Pour Ludovic ITOUA, Directeur général des impôts et des domaines, l’enjeu dépasse largement la simple numérisation des documents commerciaux.

 

« Le SFEC constitue une étape majeure dans la modernisation de notre administration fiscale et dans la transformation numérique de la gestion des finances publiques de notre pays », a-t-il souligné.

 

Cette réforme s’inscrit dans la dynamique gouvernementale de digitalisation des services publics et de renforcement de la mobilisation des recettes intérieures.

Pourquoi l’État mise sur la facture électronique ?

Le SFEC repose sur trois fondements essentiels : un cadre légal renforcé, une architecture technologique intégrée et une stratégie d’accompagnement des acteurs économiques.

Institué par la loi de finances puis consolidé par le décret n°2026-101 du 31 mars 2026, le dispositif entre désormais dans sa phase opérationnelle après plusieurs mois d’expérimentation auprès d’entreprises pilotes.

Au cœur du système se trouve la Plateforme de Gestion du SFEC (PGSFEC), chargée de collecter, traiter, contrôler et sécuriser les données de facturation.
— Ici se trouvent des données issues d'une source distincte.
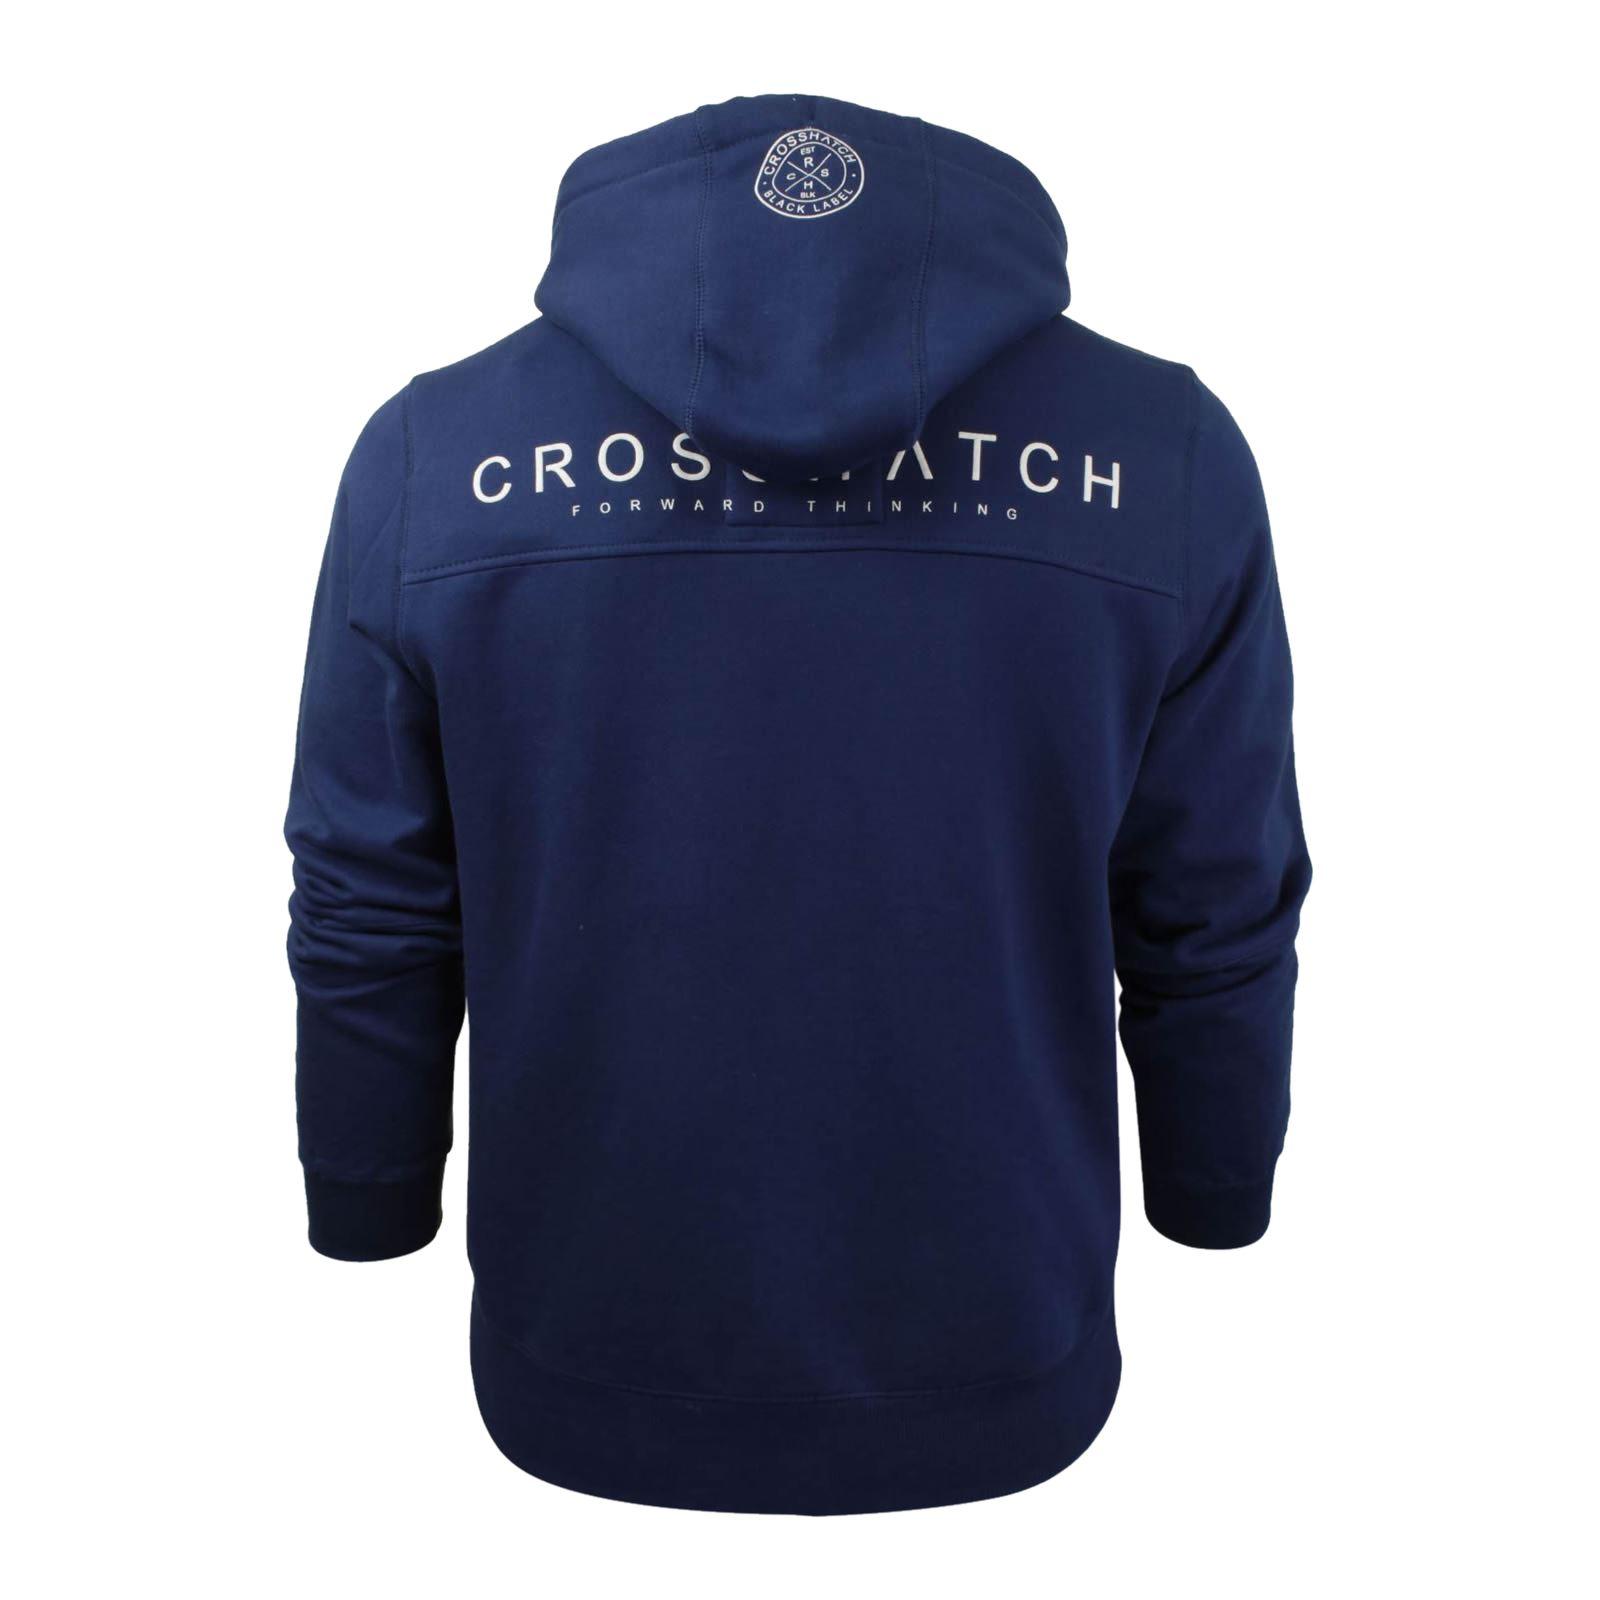 Mens-Hoodie-Crosshatch-Ribbler-Zip-Up-Hooded-Jacket-Pullover-Jumper-Sweatershirt thumbnail 25

Pour s’adapter à la diversité des entreprises, quatre solutions sont proposées : l’e-Facture accessible via un portail web sécurisé, l’intégration automatisée par API pour les entreprises équipées de logiciels de gestion, le Terminal de Facturation et de Certification (TFC) destiné aux structures ne disposant pas d’outils de facturation, ainsi que le Terminal de Contrôle et de Certification (TCC) permettant aux entreprises déjà informatisées de certifier automatiquement leurs factures sans modifier leurs procédures internes.

Après une phase pilote lancée en septembre 2025, les autorités fiscales estiment que les résultats obtenus confirment la pertinence d’une généralisation du système à l’échelle nationale.

Le principe est simple : chaque facture émise par une entreprise est certifiée électroniquement, enregistrée et sécurisée via une plateforme gouvernementale.

Selon les autorités fiscales, le système permettra de :

  • renforcer la transparence des transactions économiques ;
  • améliorer la traçabilité des opérations commerciales ;
  • lutter contre la fraude fiscale ;
  • sécuriser les déclarations de TVA ;
  • élargir l’assiette fiscale ;
  • réduire les risques de falsification des factures.

 

« La facture papier, avec ses lenteurs, ses risques de pertes et ses possibilités de falsification, a constitué un frein aussi bien pour l’administration fiscale que pour les entreprises. Cette époque sera dans quelques jours révolue », a affirmé Ludovic ITOUA.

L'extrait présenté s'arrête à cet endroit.